Things upcoming (probably once they fail haha):
Headers (maybe)
Level 10 tranny
Forged internals (maybe stroke out to 4-4.2)
SC impeller, bearing, and pulley upgrades
CSF Radiator
Oil Cooler

The last thing... Stickers... My car is still a daily driver, I'm not rockin' any sponsorships, and I don't wanna make it look crazy, but at the same time, I'd like to give credit where credit is due. Did you guys put the stickers on? And if so, where?

Thanks again for all your help and input!!!!!

-Brett

wideglideleon 05-18-2017 06:12 PM

Just say no to stickers
 
NO stickers, none, not one!

Jayhovah 05-18-2017 08:24 PM

Upgrade to premium membership and rock the forum stickers. =)

TBatt 05-19-2017 08:33 AM

NO OIL COOLER AND YOU ARE RUNNING A SUPER CHARGER!!!!

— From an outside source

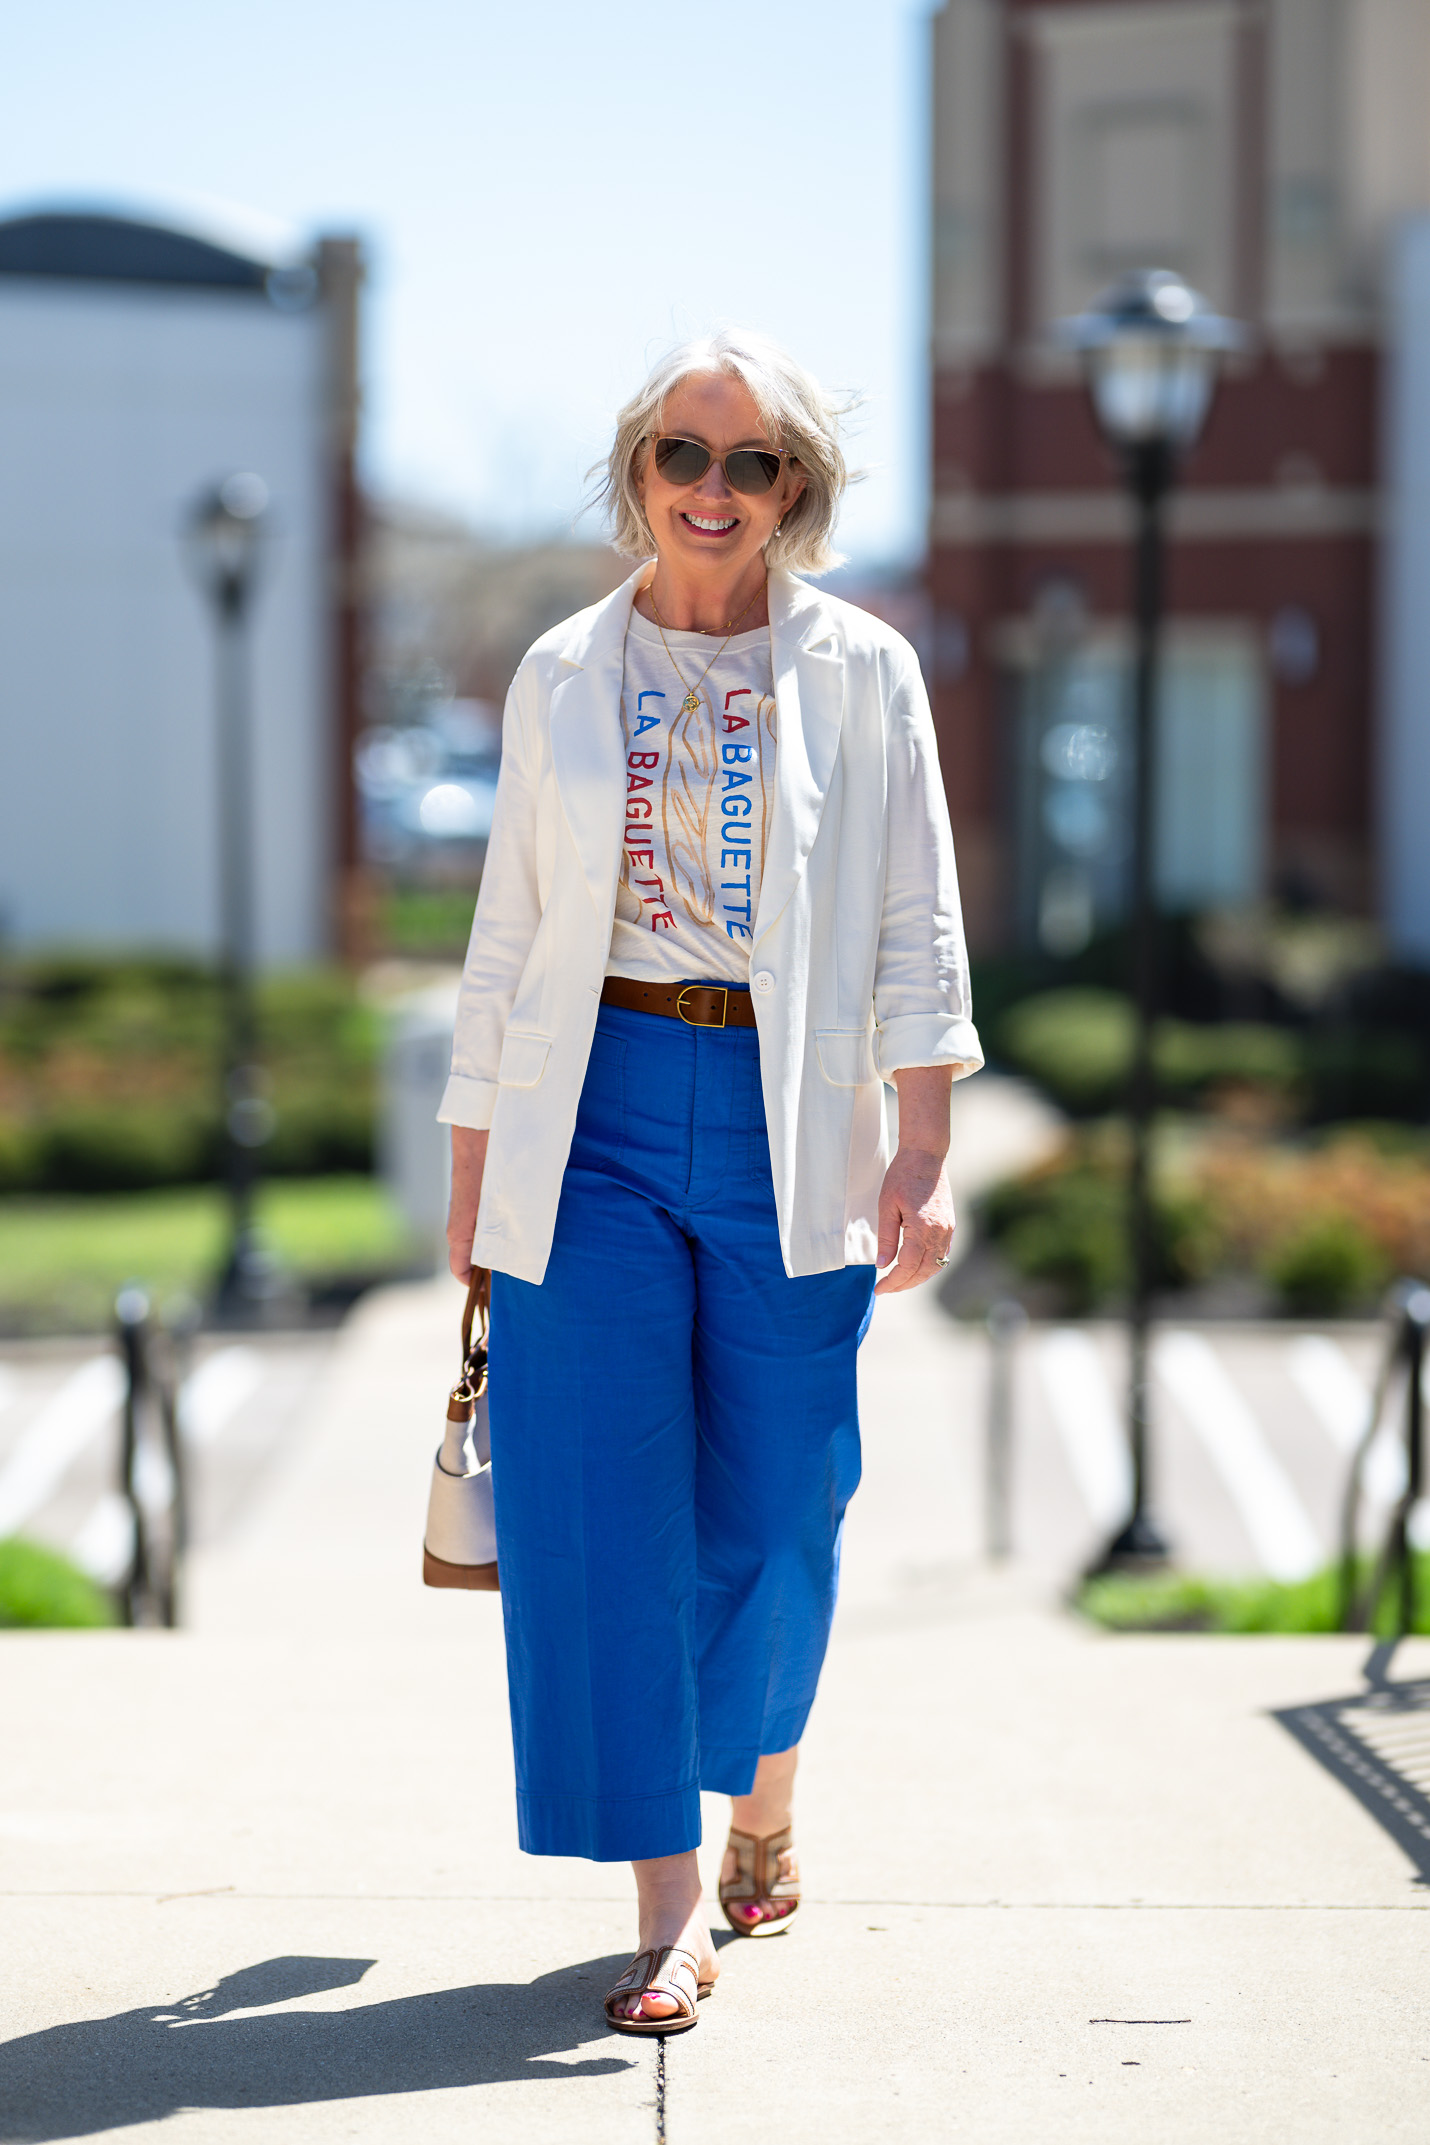 Wearing color Over 50

You need to seriously rethink the upgrade priority!

Get a oil cooler installed and do it now!

The Z is already a hot car (in more ways than one) and adding boost will cause lots of additional heat. Get a 25 or 32 row cooler. I chose the Z1 kit because it uses the stock Nissan filter size. One less thing to remember over the years of ownership. Installation is very easy and should only take about three beers, I mean hours.

turtle64b 05-20-2017 05:48 PM

Understand all, you're right. I found the deal on the SC kit which is why I picked it up. Next will be the oil cooler and I was thinking the cjm oil pan as well.

turtle64b 06-03-2017 11:23 AM

Fuel Injectors: IMPORTANT
 
Here's a hiccup that's extremely dangerous and very avoidable if anyone reading this is planning on upgrading their injectors as well: Use the spacers!!!!!!!!!1!!!!111!!!!

I can't actually stress that enough. Somehow we installed the new injectors (ID1050Xs) without the supplied spacers and my #4 injector separated itself from the rail while driving down a busy road... Very awkward...

Sitting at a stoplight, the car randomly starting idling extremely rough and then turned off. Upon attempting to restart the car, I noticed a puff of dark smoke from one of my drivers' side hood vents. Commence "Oh ****, Oh ****, Oh ****". Popped the hood, immediately smelled gas and noticed gas boiling on my intake runners under the fuel rails. Not having the fire extinguisher I do now, I did the only thing I could think of and I poured the contents of my water bottle onto the boiling mixture to cool it down, dilute it and try to wash some of it off. My neighbor towed me back to my house (only about 2 miles away) and I tore down the culprit area this morning to discover the above issue...

I talked to Z1 about getting the spacers through them since I am ordering my oil cooler and pan through them as well in hopes that maybe they would include a set for me and I should hear back Monday from them. Until then, I get to do the one thing I hoped not to do again for a long, long while... Take off and re-install that damn Stillen intake manifold :shakes head:

B&W_Evader 06-05-2017 09:05 AM

Must have some good karma saved up... No Fire. :tup:

Had a fuel leak on a couple of my cars in the past. When I first got my 914, the tank would leak until it was half full. Found the previous guy put a screw to hold the carpet in place. Screw went through the floor and into the tank. It was leaking from there. Leaking hoses in 2 other cars. Pretty lucky none of them ended up in fires. Just nasty headaches from the gasoline high.